Rare 1691 second quarto edition of Shakespeare’s Julius Caesar, with a brilliance fully realized in “the extraordinary lines of Brutus, deep in thought, as he sets in motion one of the most consequential events in Western history. It’s one of Shakespeare’s first great soliloquies,” handsomely bound.
"Something extraordinary was beginning to happen as Shakespeare wrote Julius Caesar in the spring of 1599… as if all his energies were self-consciously focused on a new and different kind of invention… The result was a significant breakthrough," one richly expressed in "the extraordinary lines of Brutus, deep in thought, as he sets in motion one of the most consequential events in Western history. It's one of Shakespeare's first great soliloquies and conveys a sense of inwardness new to the stage: 'Between the acting of a dreadful thing And the first motion, all the interim is Like a phantasma or a hideous dream" (Shapiro, A Year in the Life, 134-5)
"This was the first play by Shakespeare founded on Sir Thomas North's translation of Plutarch's Lives, which appeared in 1579 and was reprinted in 1595. Shakespeare used portions of the lives of Caesar, Antony and Brutus and followed Plutarch very closely" (Bartlett, Mr. William Shakespeare: 112n). Julius Caesar is thought to have been first performed in 1599 and was first printed in the 1623 First Folio. The quarto editions were the first separate printings of the play and are enormously desirable, as very few copies exist in private hands. Sixteen of Shakespeare's plays were first printed in quarto form (1594 to 1622) before they were collected in the 1623 First Folio; of the 20 plays that made their first appearance in the First Folio, only three appeared in quarto form during the 17th-century: Taming of the Shrew, Macbeth, and Julius Caesar (its six quarto editions being a clear indication of its immense popularity). Four undated quarto editions were formerly thought to have been printed shortly after 1684 and before this 1691 edition; it is now believed that they were probably printed between 1695 and 1700. The first and second 1691 quarto editions have "1691" printed on the title page.
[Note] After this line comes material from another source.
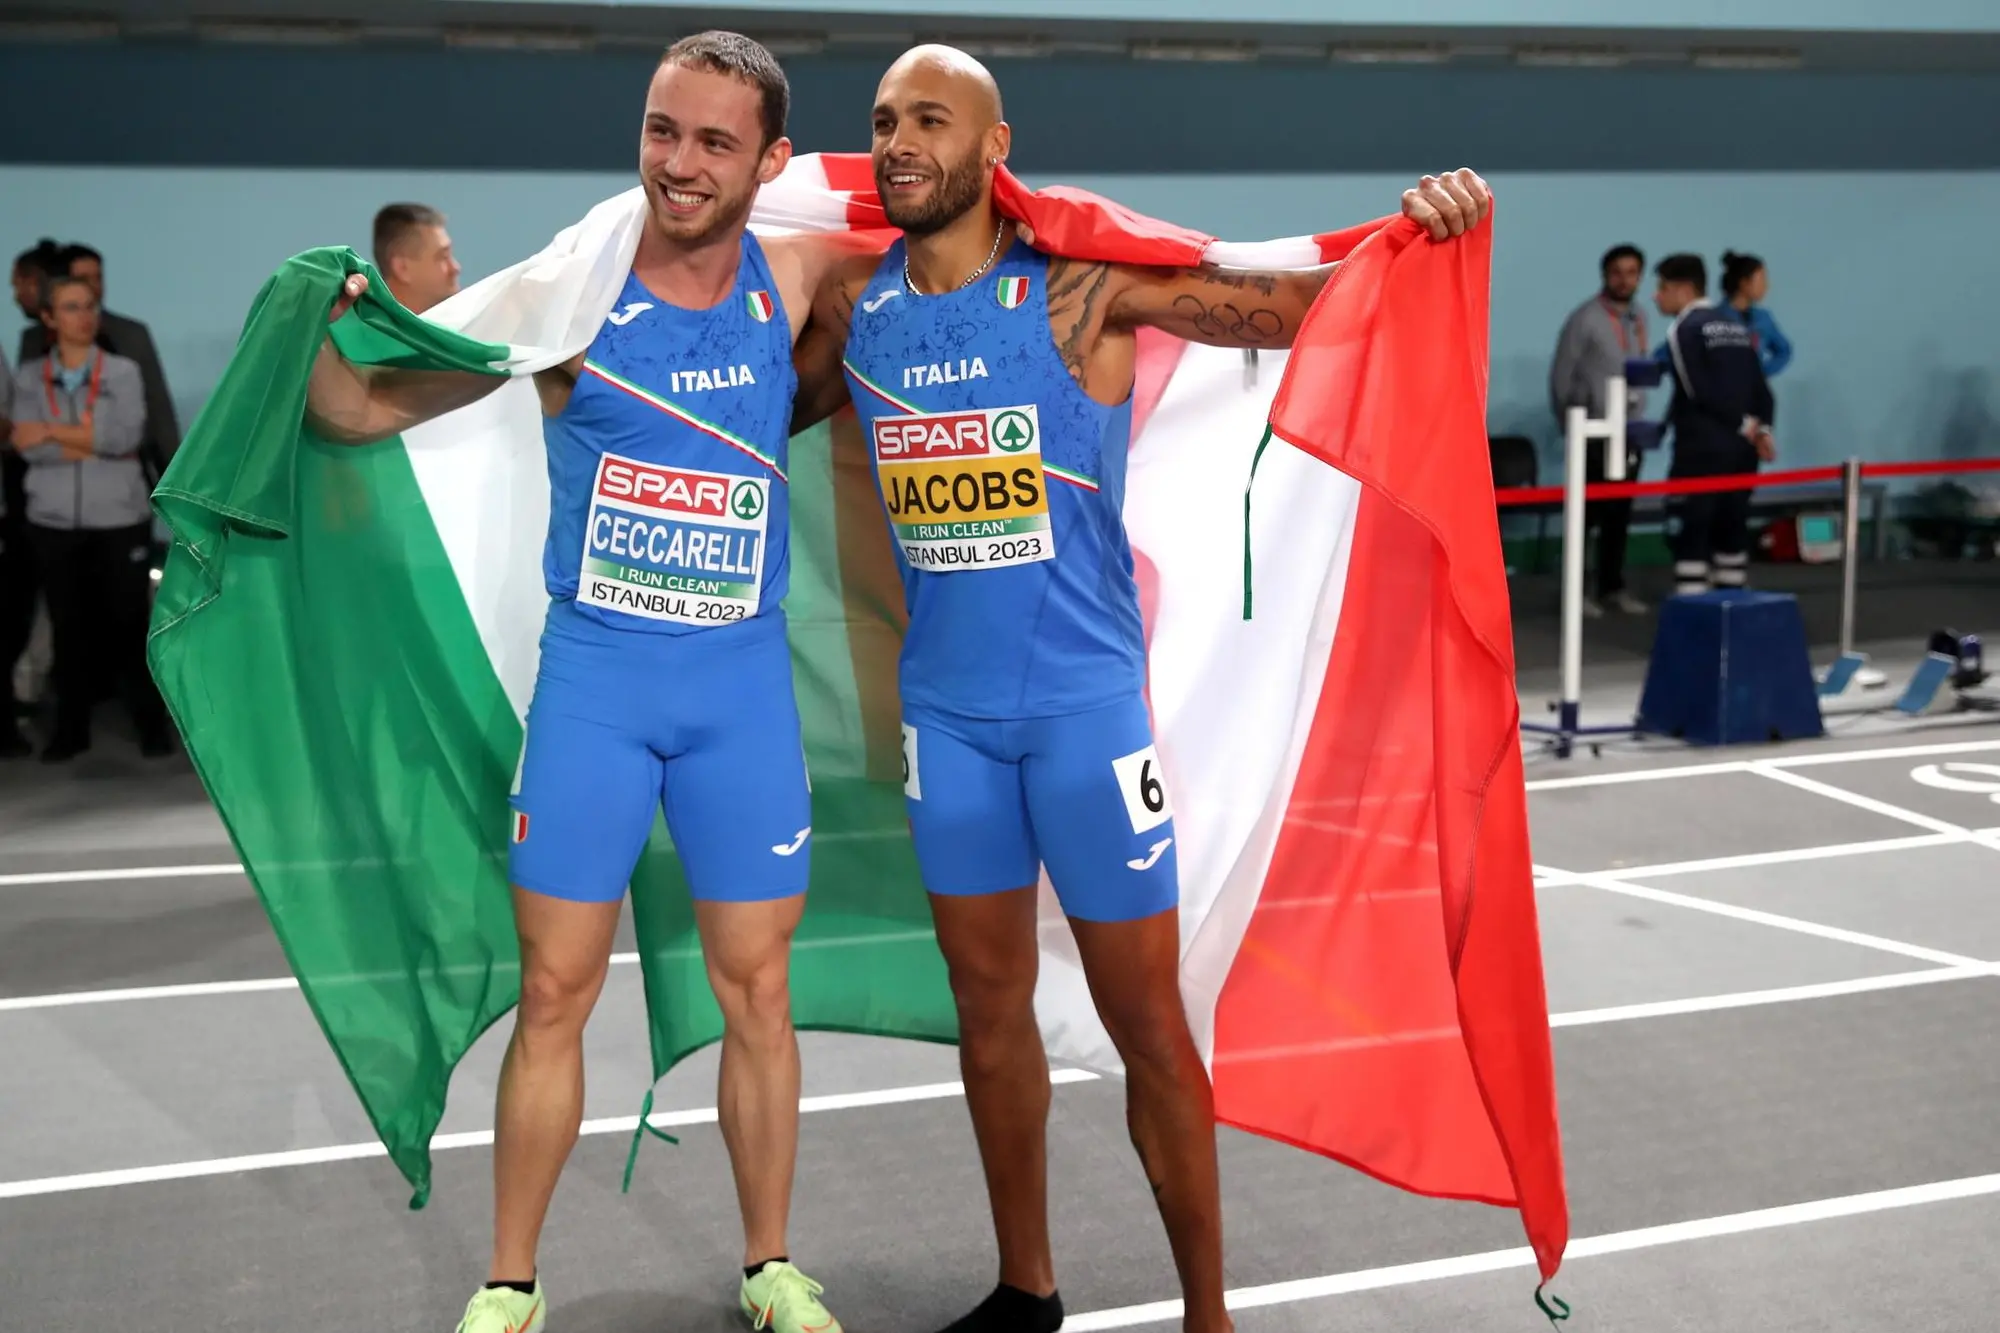 Ceccarelli e Jacobs all'arrivo con la bandiera italiana (Foto Ansa)

This, the earlier of those two editions, has a comma after "Herringman" in the title page imprint statement, while the later 1691 edition does not. Wing S2922. Jaggard, 319. Bartlett 117. Spot of sticker residue to front endpaper. Early ink bracket and ink stain.
A few short closed marginal tears to title page. Tiny hole to B2 affecting two words, upper margin slightly worn affecting just a few page numbers, mild embrowning to text. An exceptional and most desirable copy. Rare.